Schweizer Industrie trotzt weiter dem starken Franken
Mehr als ein Jahr nachdem die Schweizerische Nationalbank den Euro-Mindestkurs aufgehoben hat, leidet die Schweizer Industrie nach wie vor unter den negativen Folgen des starken Frankens. Aber trotz des schwierigen Umfelds und der unsicheren Zukunft stellen viele kleine und mittlere Unternehmen ihre Widerstandsfähigkeit unter Beweis.
Moutier, eine kleine Industriestadt im Herzen des Jura-Bogens, ist der veritable Motor der Schweizer Präzisionstechnik. Alle zwei Jahre findet dort die weltweit grösste Messe der Mikrotechnik-Industrie SIAMSExterner Link statt.

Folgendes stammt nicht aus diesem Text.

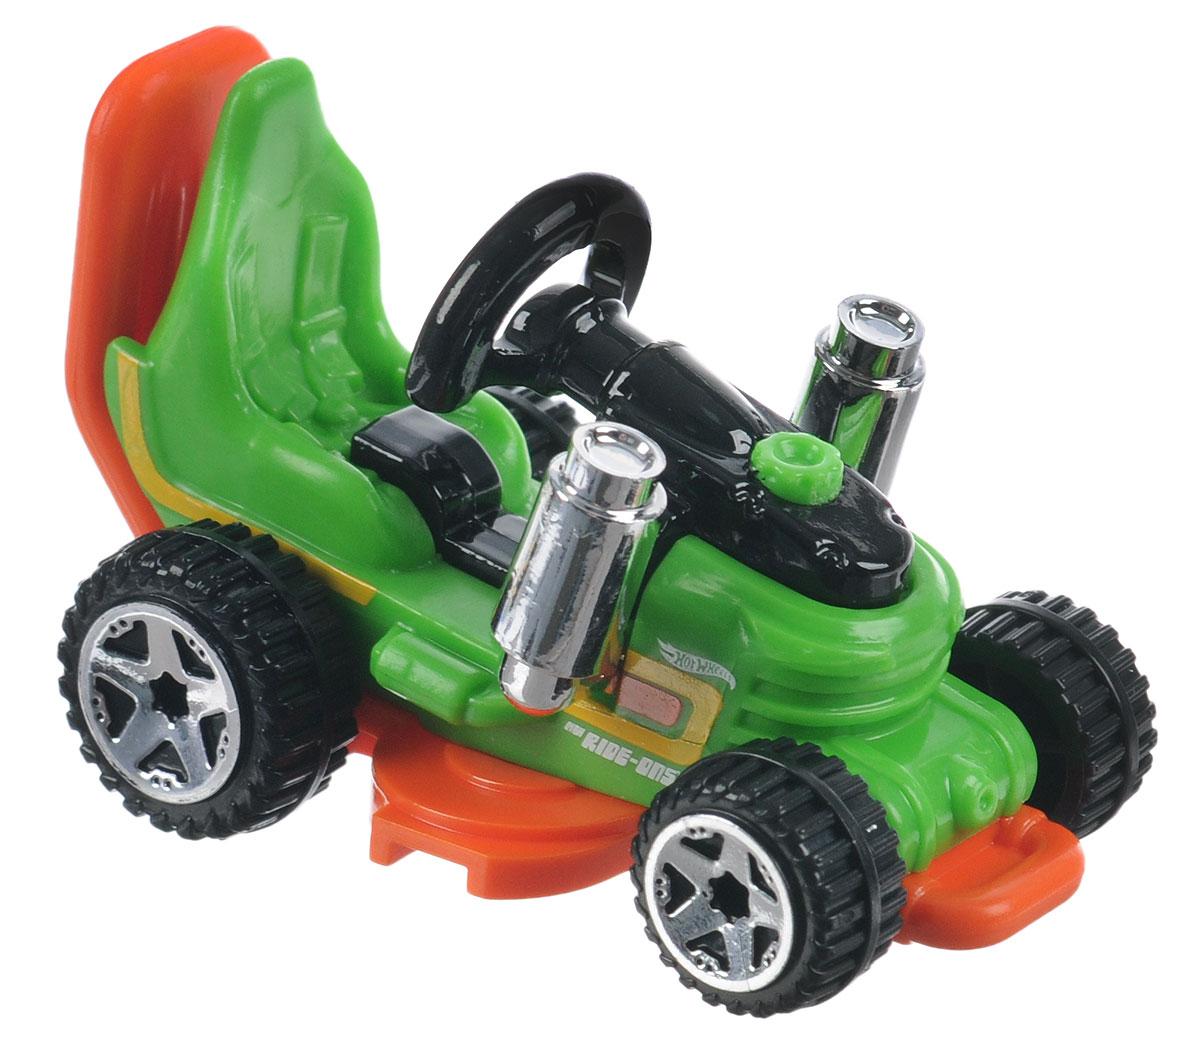 Hot Wheels Машинка Grass Chomper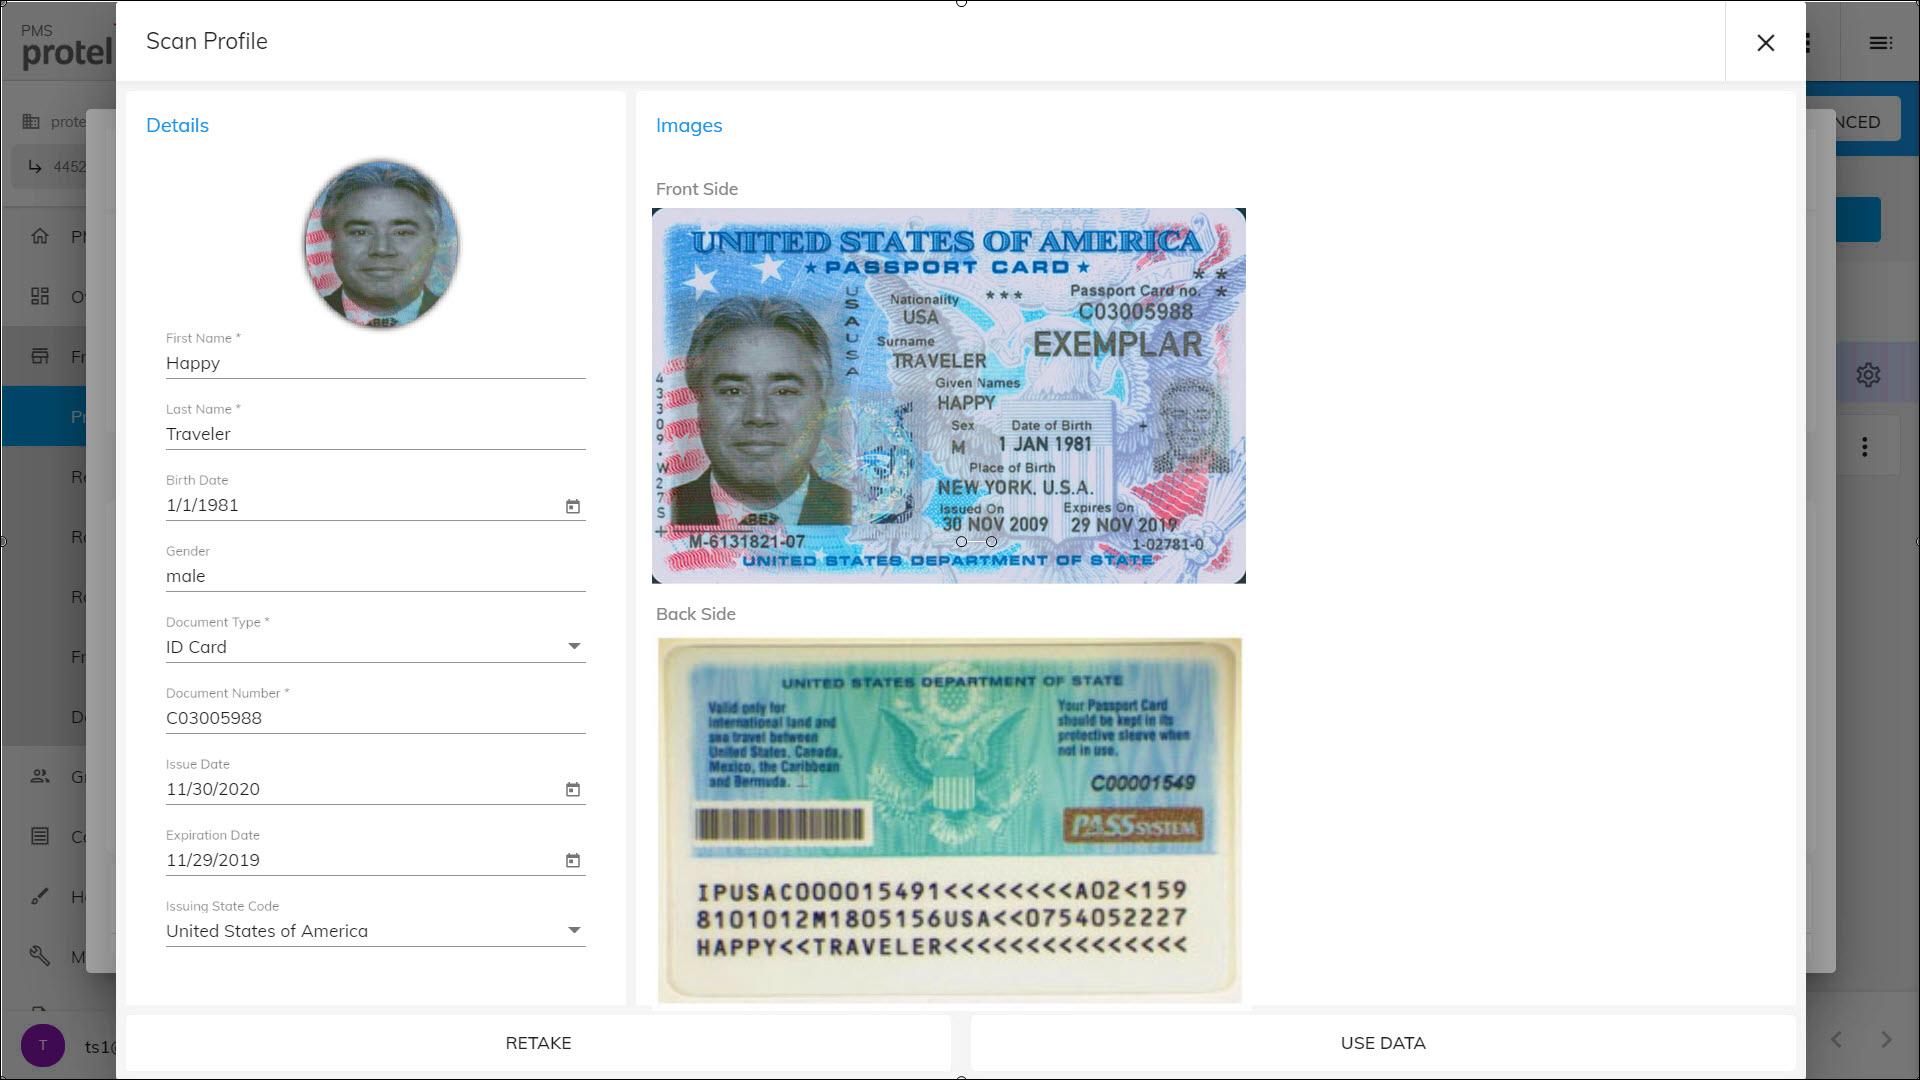 protel Air passport scan

Rund 440 Aussteller nehmen teil. Die Besucher kommen aus mehr als 30 Ländern. Die Stimmung ist herzlich und entspannt. In Moutier ist man weit entfernt von den grossen Uhrenmessen und deren Prunk. Hier gibt es keinen Platz für Top-Models und Blickfänger-Stände. Im Vordergrund stehen die Maschinen und die Technologie.
Die meisten Aussteller in den Hallen verbergen aber nicht, dass der Industriesektor der Schweiz eine der schwierigsten Perioden seiner Geschichte erlebt. Der Grund des Übels ist der starke Franken, der weiterhin auf die Exportmargen drückt, vor allem seit der Aufhebung des Euro-Mindestkurses zum Franken.
Hinzu kommen Wachstumsprobleme in China, die insbesondere die Uhrenindustrie betreffen. Die Werkzeugmaschinen-Hersteller wären aber auf ihre Partner in der Uhrenindustrie und auf dem nationalen Markt angewiesen, um ihre Geschäfte, die im letzten Jahr um 7% eingebrochen sind, wieder in Schwung zu bringen.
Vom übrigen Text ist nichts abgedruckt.